Comment 1 Nithya Balachandran 2016-06-07 08:50:10 UTC

RCA:

There is a memory leak in the socket_connect code in case of failure. 

In socket_connect ():

        /* if sock != -1, then cleanup is done from the event handler */
        if (ret == -1 && sock == -1) {
                /* Cleaup requires to send notification to upper layer which
                   intern holds the big_lock. There can be dead-lock situation
                   if big_lock is already held by the current thread. 
                   So transfer the ownership to seperate thread for cleanup.
                */      
                arg = GF_CALLOC (1, sizeof (*arg), 
                                 gf_sock_connect_error_state_t);
                arg->this = THIS; 
                arg->trans = this; 
                arg->refd = refd; 
                th_ret = pthread_create (&th_id, NULL, socket_connect_error_cbk,
                                         arg);   
                if (th_ret) {
                       gf_log (this->name, GF_LOG_ERROR, "pthread_create"
                               "failed: %s", strerror(errno));
                        GF_FREE (arg);
                        GF_ASSERT (0);
                }       
        }       


pthread_create does not create a detached thread so the thread resources are not cleaned up. socket_connect is called at 3 second intervals so this quickly adds up causing the process to run out of memory.

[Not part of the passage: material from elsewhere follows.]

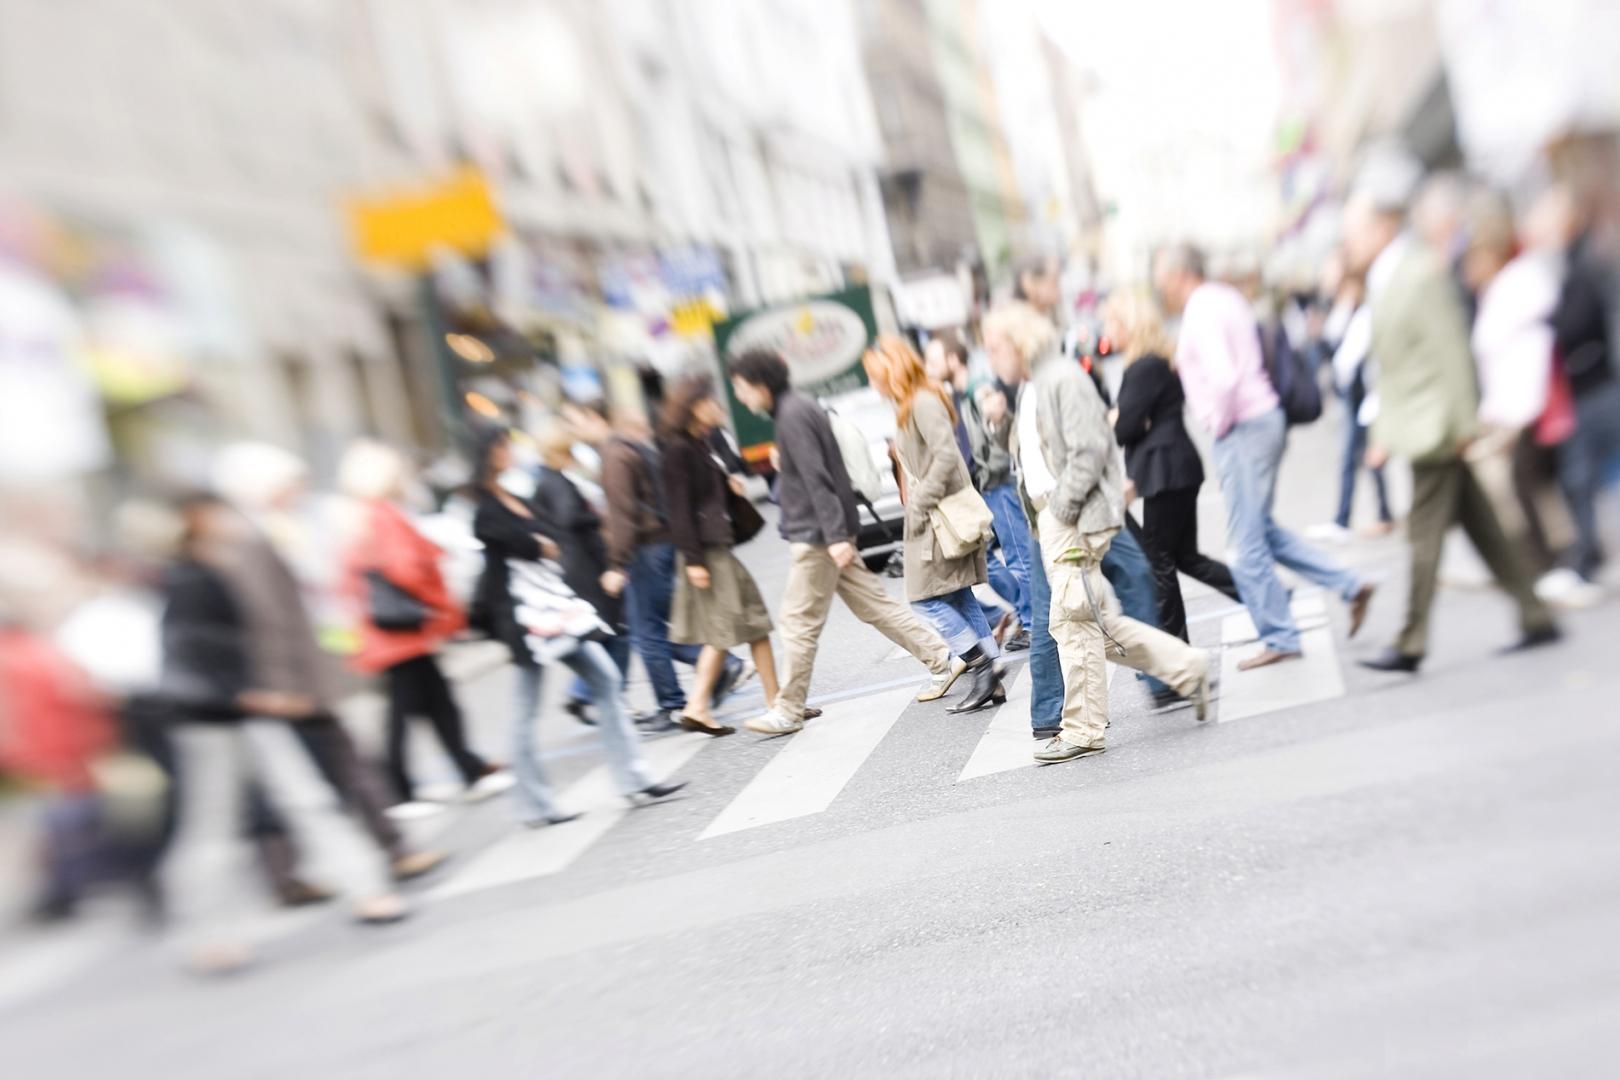 people walking across a cross walk on a busy street

Comment 2 Vijay Bellur 2016-06-07 08:56:31 UTC

REVIEW: http://review.gluster.org/14661 (rpc/socket: pthread resources are not cleanup up) posted (#1) for review on master by N Balachandran (nbalacha)

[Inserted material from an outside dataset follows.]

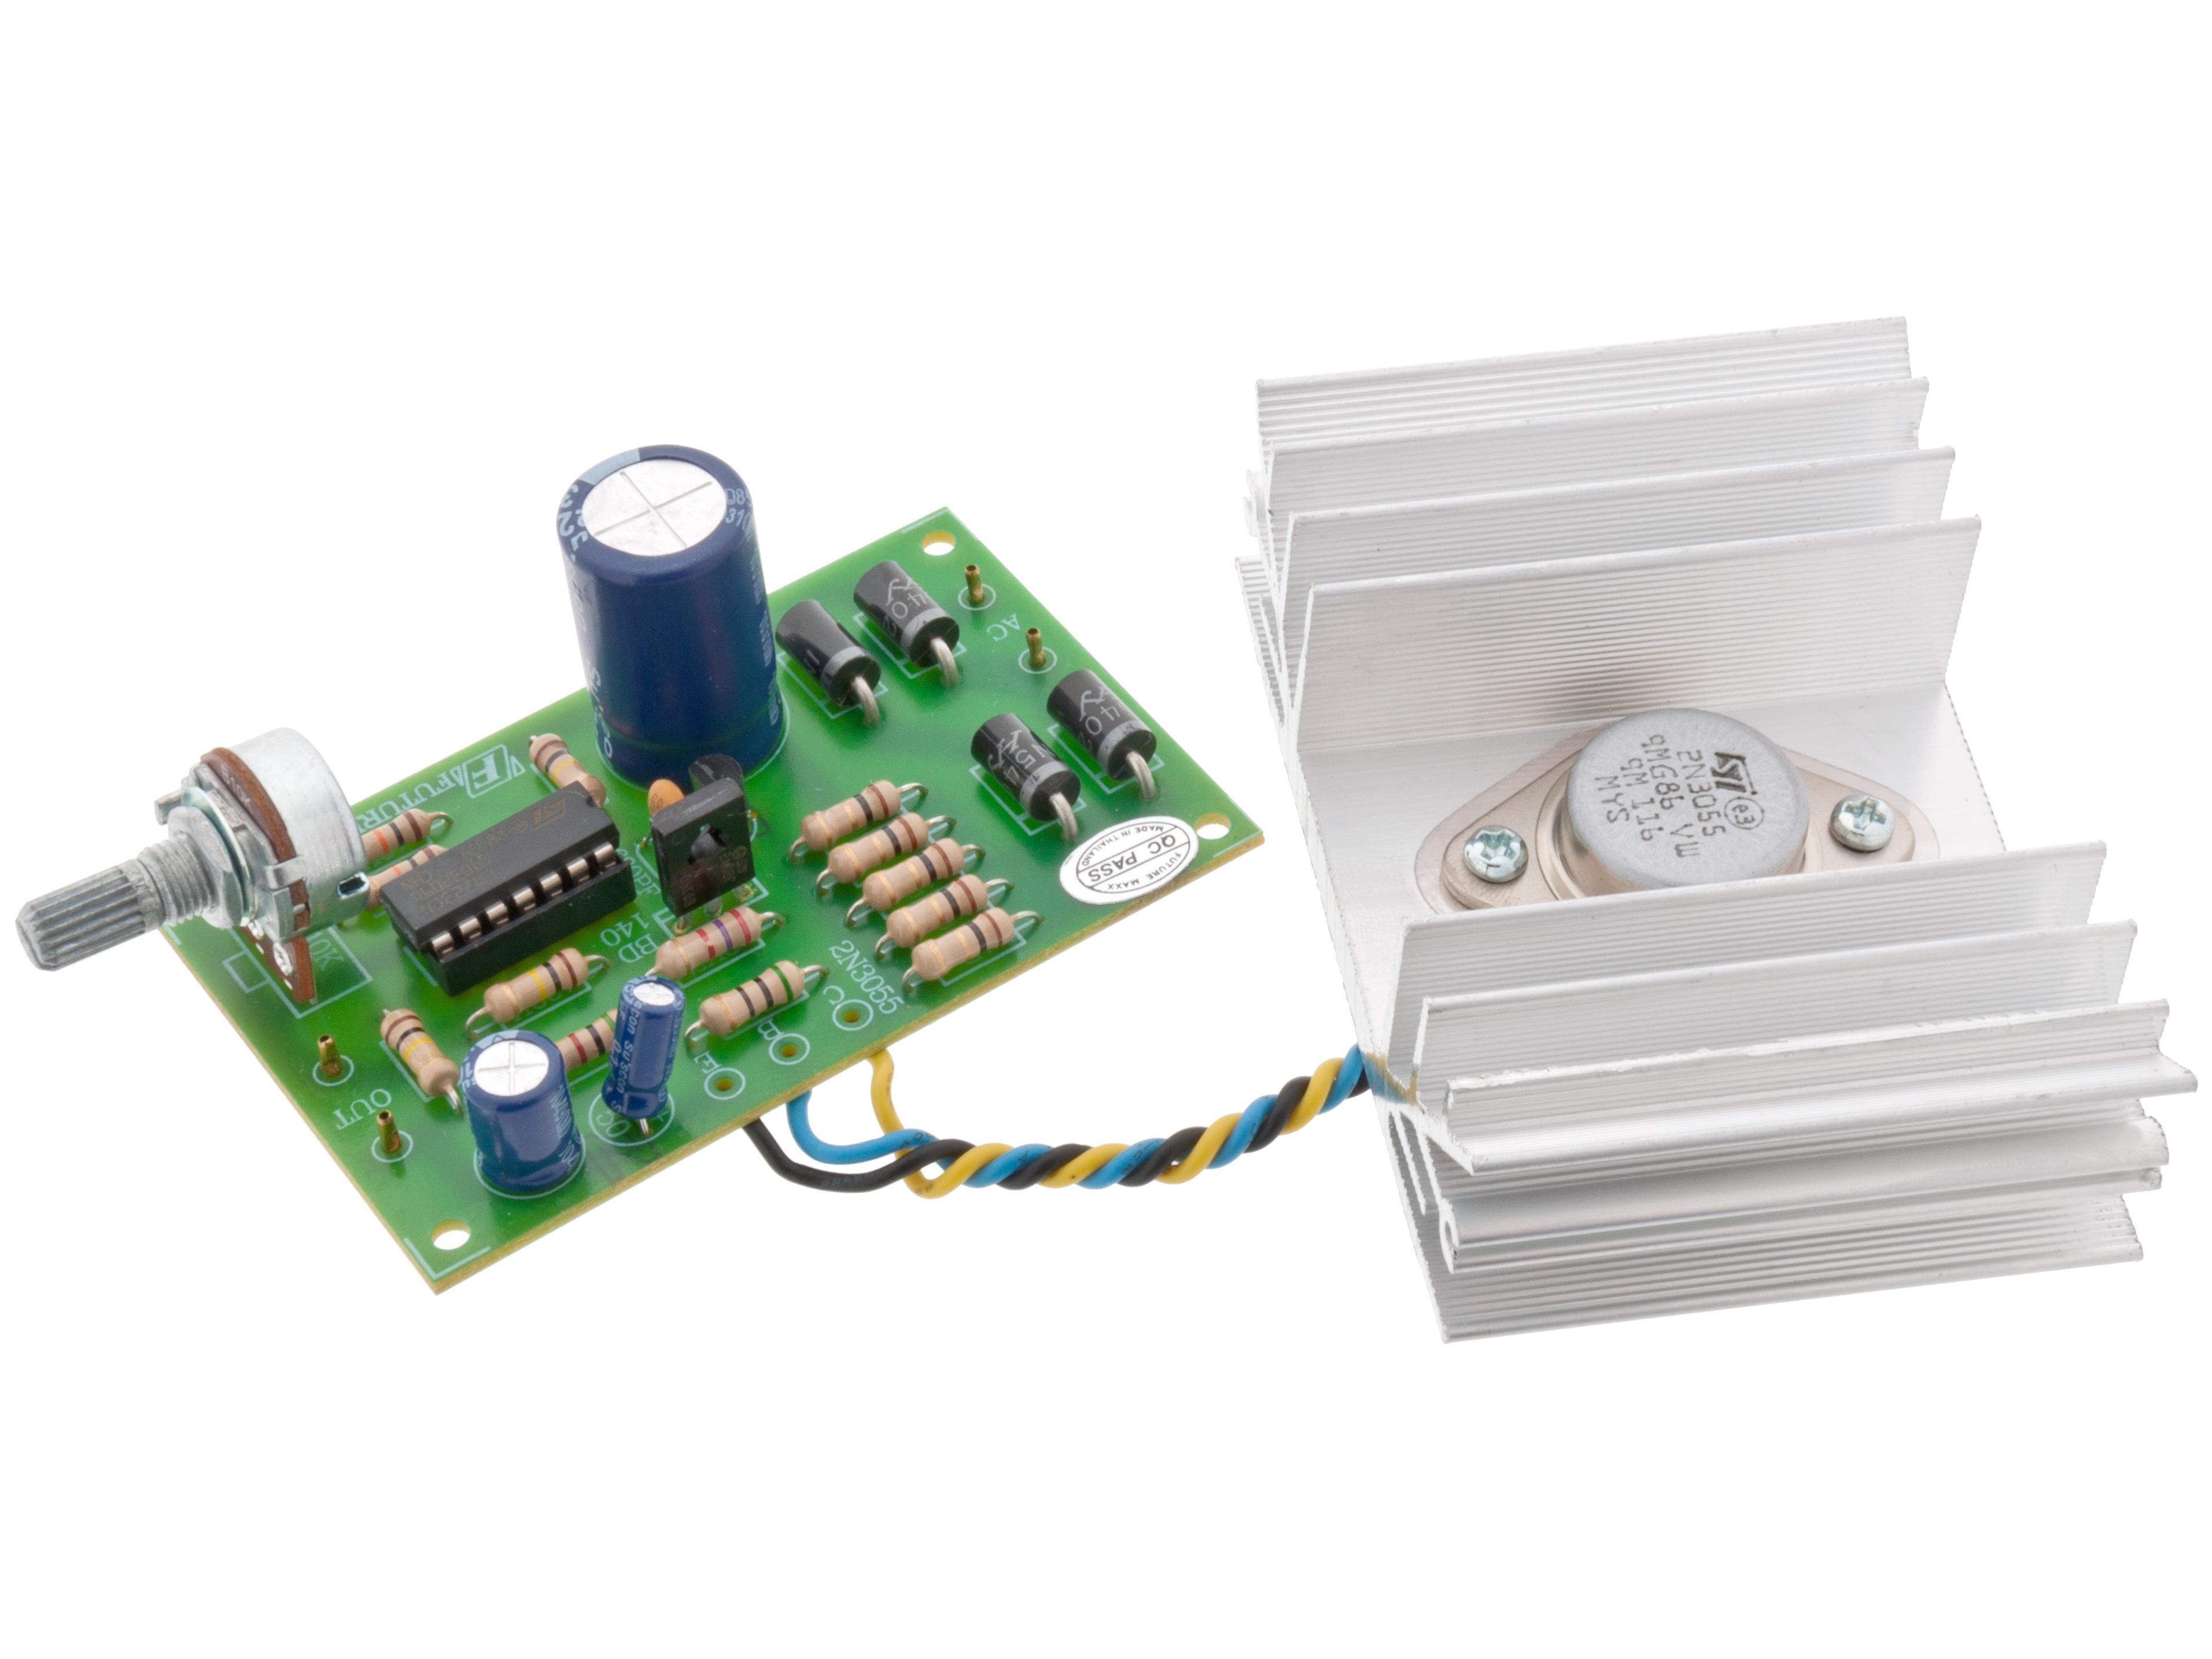 Adjustable power supply 0-30V 3A

Comment 3 Nithya Balachandran 2016-06-07 09:01:17 UTC

Fix:

Create a detached thread so all thread resources are cleaned up automatically.

Comment 4 Vijay Bellur 2016-06-07 09:09:38 UTC

REVIEW: http://review.gluster.org/14661 (rpc/socket: pthread resources are not cleaned up) posted (#2) for review on master by N Balachandran (nbalacha)

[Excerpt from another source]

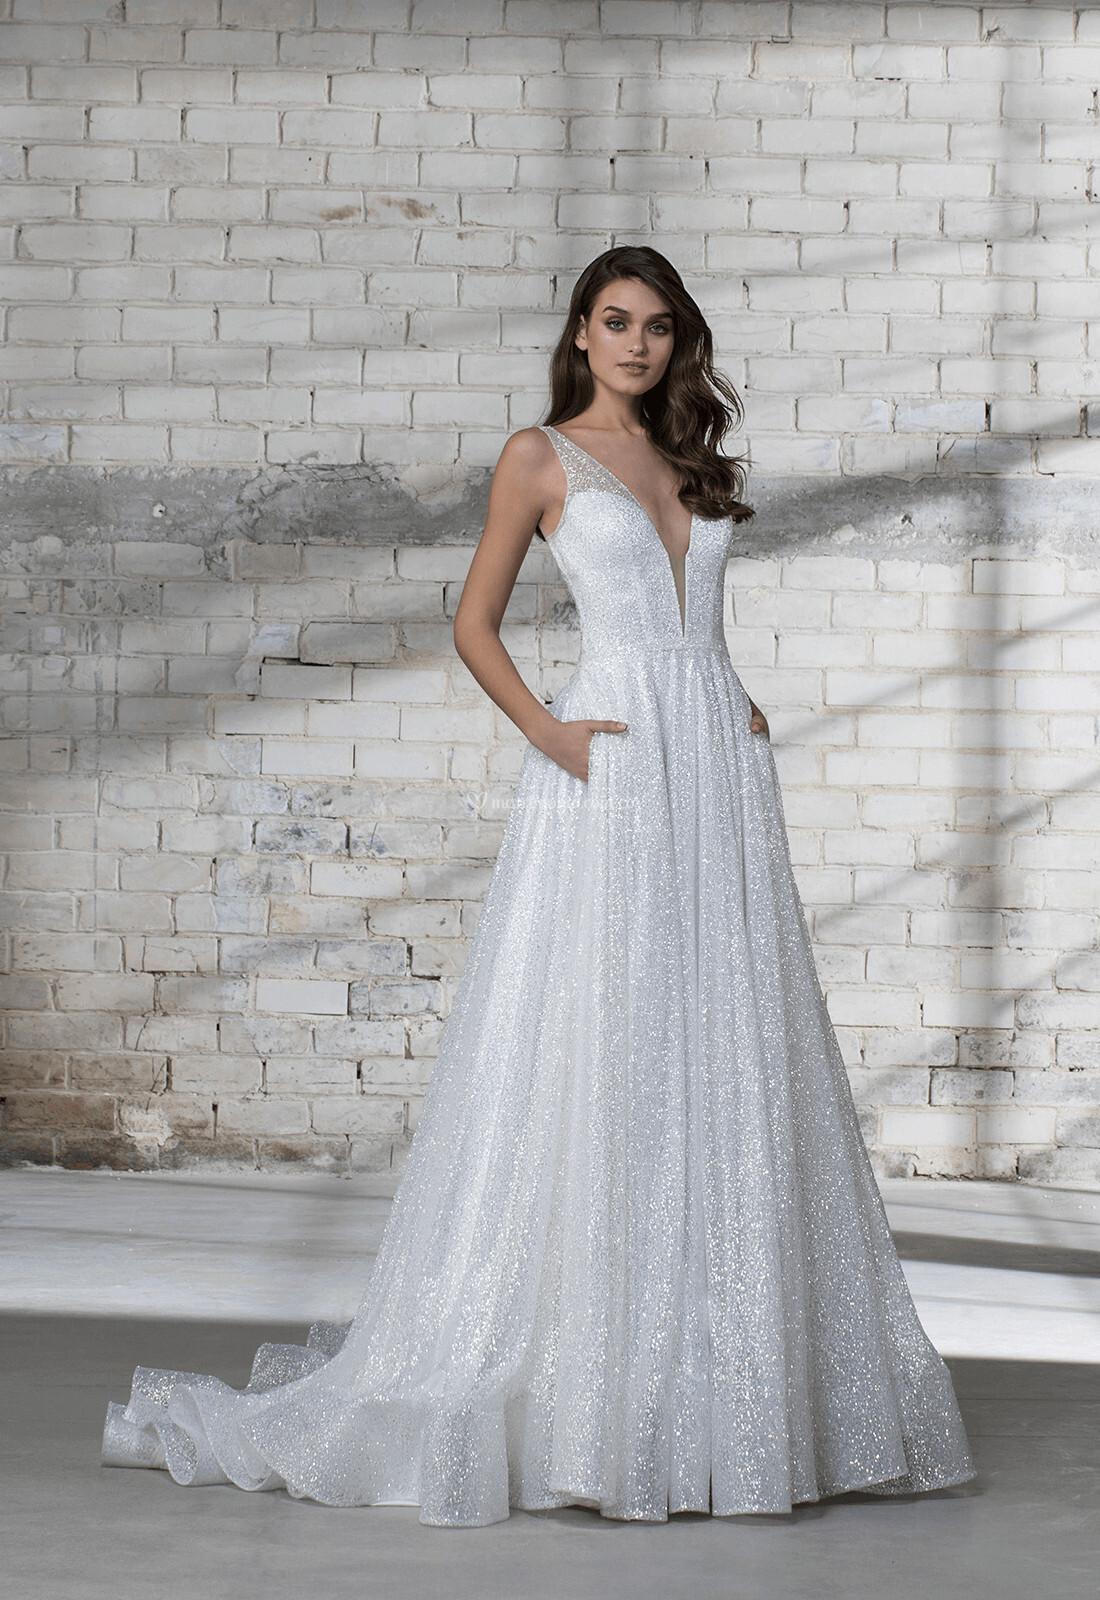 Vestidos de novia pnina tornai baratos

Comment 5 Vijay Bellur 2016-07-08 05:18:43 UTC

REVIEW: http://review.gluster.org/14875 (rpc/socket: pthread resources are not cleaned up) posted (#1) for review on master by N Balachandran (nbalacha)

Comment 6 Vijay Bellur 2016-07-08 05:22:40 UTC

REVIEW: http://review.gluster.org/14875 (rpc/socket: pthread resources are not cleaned up) posted (#2) for review on master by N Balachandran (nbalacha)

Comment 7 Vijay Bellur 2016-07-08 05:54:26 UTC

REVIEW: http://review.gluster.org/14875 (rpc/socket: pthread resources are not cleaned up) posted (#3) for review on master by N Balachandran (nbalacha)

Comment 8 Vijay Bellur 2016-07-08 20:17:16 UTC

COMMIT: http://review.gluster.org/14875 committed in master by Jeff Darcy (jdarcy) 
------
commit 9886d568a7a8839bf3acc81cb1111fa372ac5270
Author: N Balachandran <nbalacha>
Date:   Fri Jul 8 10:46:46 2016 +0530

    rpc/socket: pthread resources are not cleaned up
    
    A socket_connect failure creates a new pthread which
    is not a detached thread. As no pthread_join is called,
    the thread resources are not cleaned up causing a memory leak.
    
    Now, socket_connect creates a detached thread to handle failure.
    
    Change-Id: Idbf25d312f91464ae20c97d501b628bfdec7cf0c
    BUG: 1343374
    Signed-off-by: N Balachandran <nbalacha>
    Reviewed-on: http://review.gluster.org/14875
    Smoke: Gluster Build System <jenkins.org>
    Reviewed-by: Atin Mukherjee <amukherj>
    NetBSD-regression: NetBSD Build System <jenkins.org>
    CentOS-regression: Gluster Build System <jenkins.org>
    Reviewed-by: Jeff Darcy <jdarcy>

Comment 9 Shyamsundar 2017-03-27 18:16:04 UTC

This bug is getting closed because a release has been made available that should address the reported issue. In case the problem is still not fixed with glusterfs-3.9.0, please open a new bug report.

glusterfs-3.9.0 has been announced on the Gluster mailinglists [1], packages for several distributions should become available in the near future. Keep an eye on the Gluster Users mailinglist [2] and the update infrastructure for your distribution.

[1] http://lists.gluster.org/pipermail/gluster-users/2016-November/029281.html
[2] https://www.gluster.org/pipermail/gluster-users/